**Work instruction**
Somewhere below are a line with "Hong Kong Skyline" and a later line with "Joan Lunden celebrates". Output exactly those lines and all lines between them.

**Information shown**
============
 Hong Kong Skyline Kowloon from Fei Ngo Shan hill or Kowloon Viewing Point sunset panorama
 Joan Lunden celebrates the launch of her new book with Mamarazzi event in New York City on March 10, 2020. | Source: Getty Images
============
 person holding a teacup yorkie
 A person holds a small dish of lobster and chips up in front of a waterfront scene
============
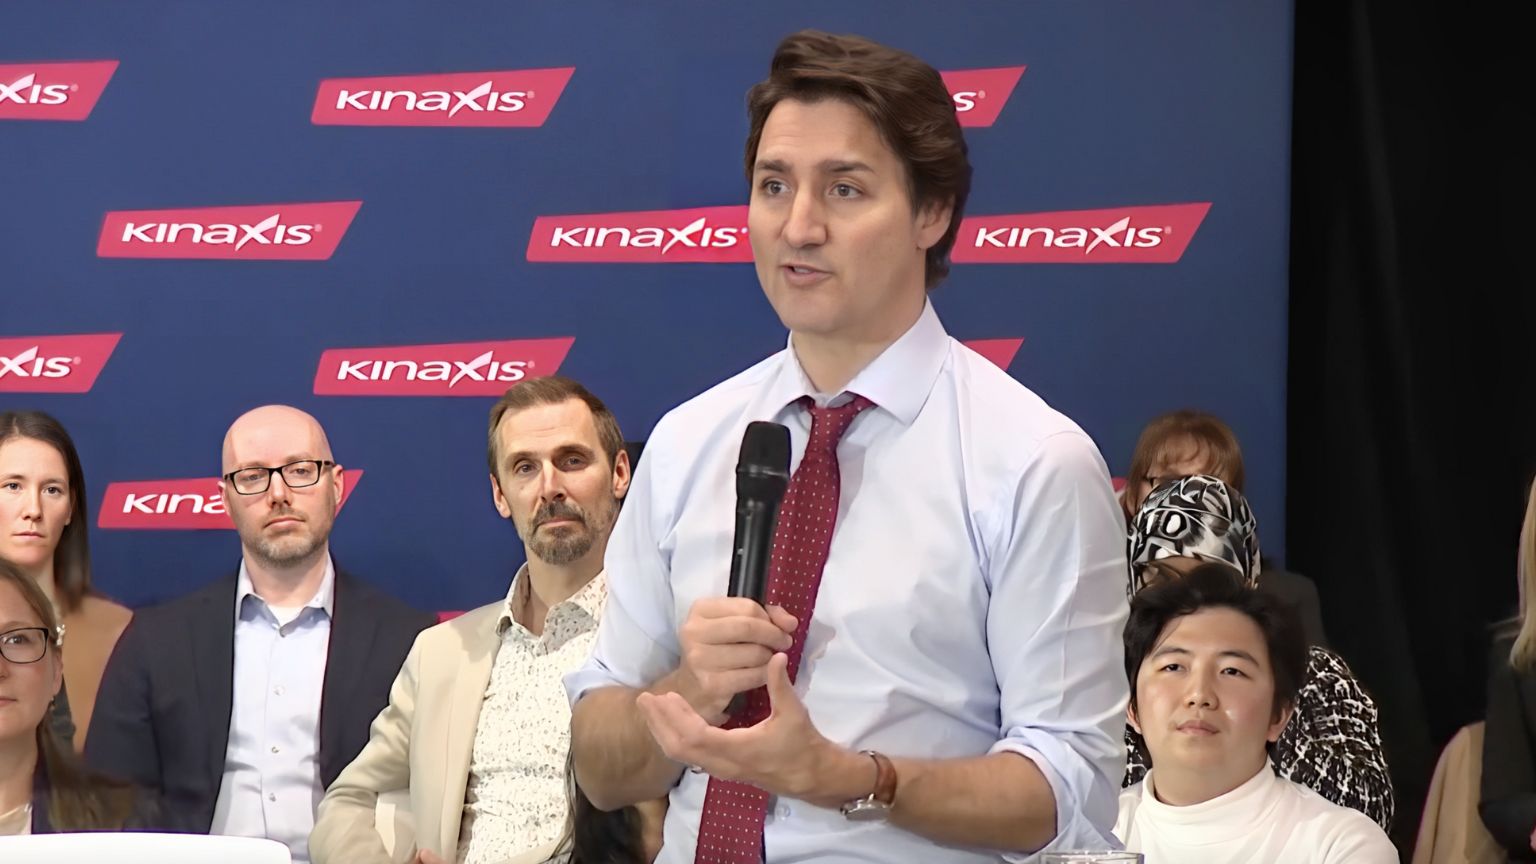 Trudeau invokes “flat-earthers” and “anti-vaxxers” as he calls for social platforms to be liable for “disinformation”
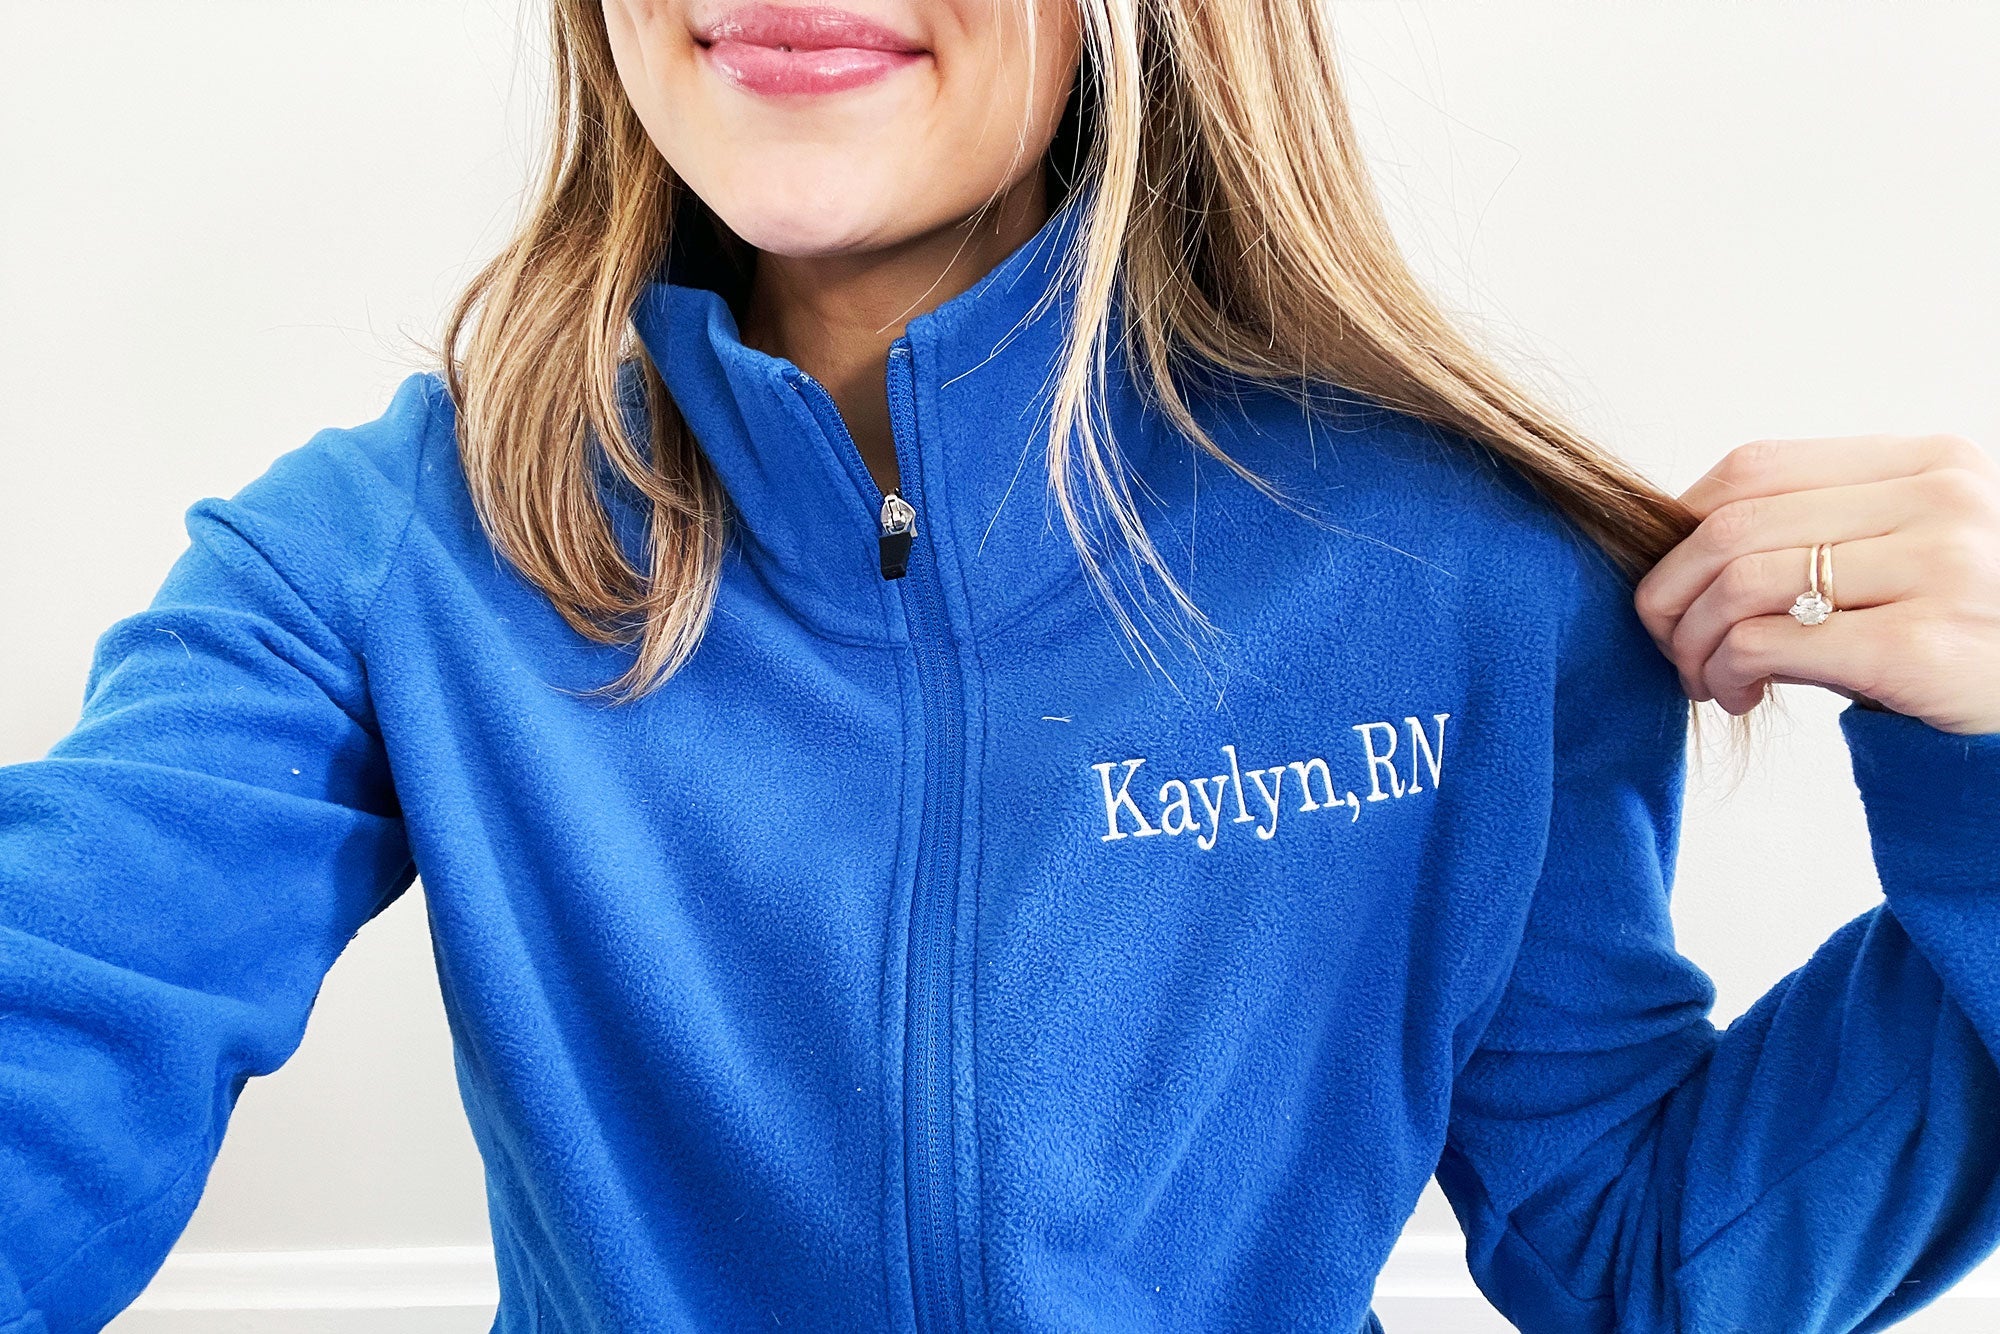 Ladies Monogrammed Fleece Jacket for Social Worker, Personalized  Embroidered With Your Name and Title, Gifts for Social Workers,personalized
============
**Your solution**
 Hong Kong Skyline Kowloon from Fei Ngo Shan hill or Kowloon Viewing Point sunset panorama
 Joan Lunden celebrates the launch of her new book with Mamarazzi event in New York City on March 10, 2020. | Source: Getty Images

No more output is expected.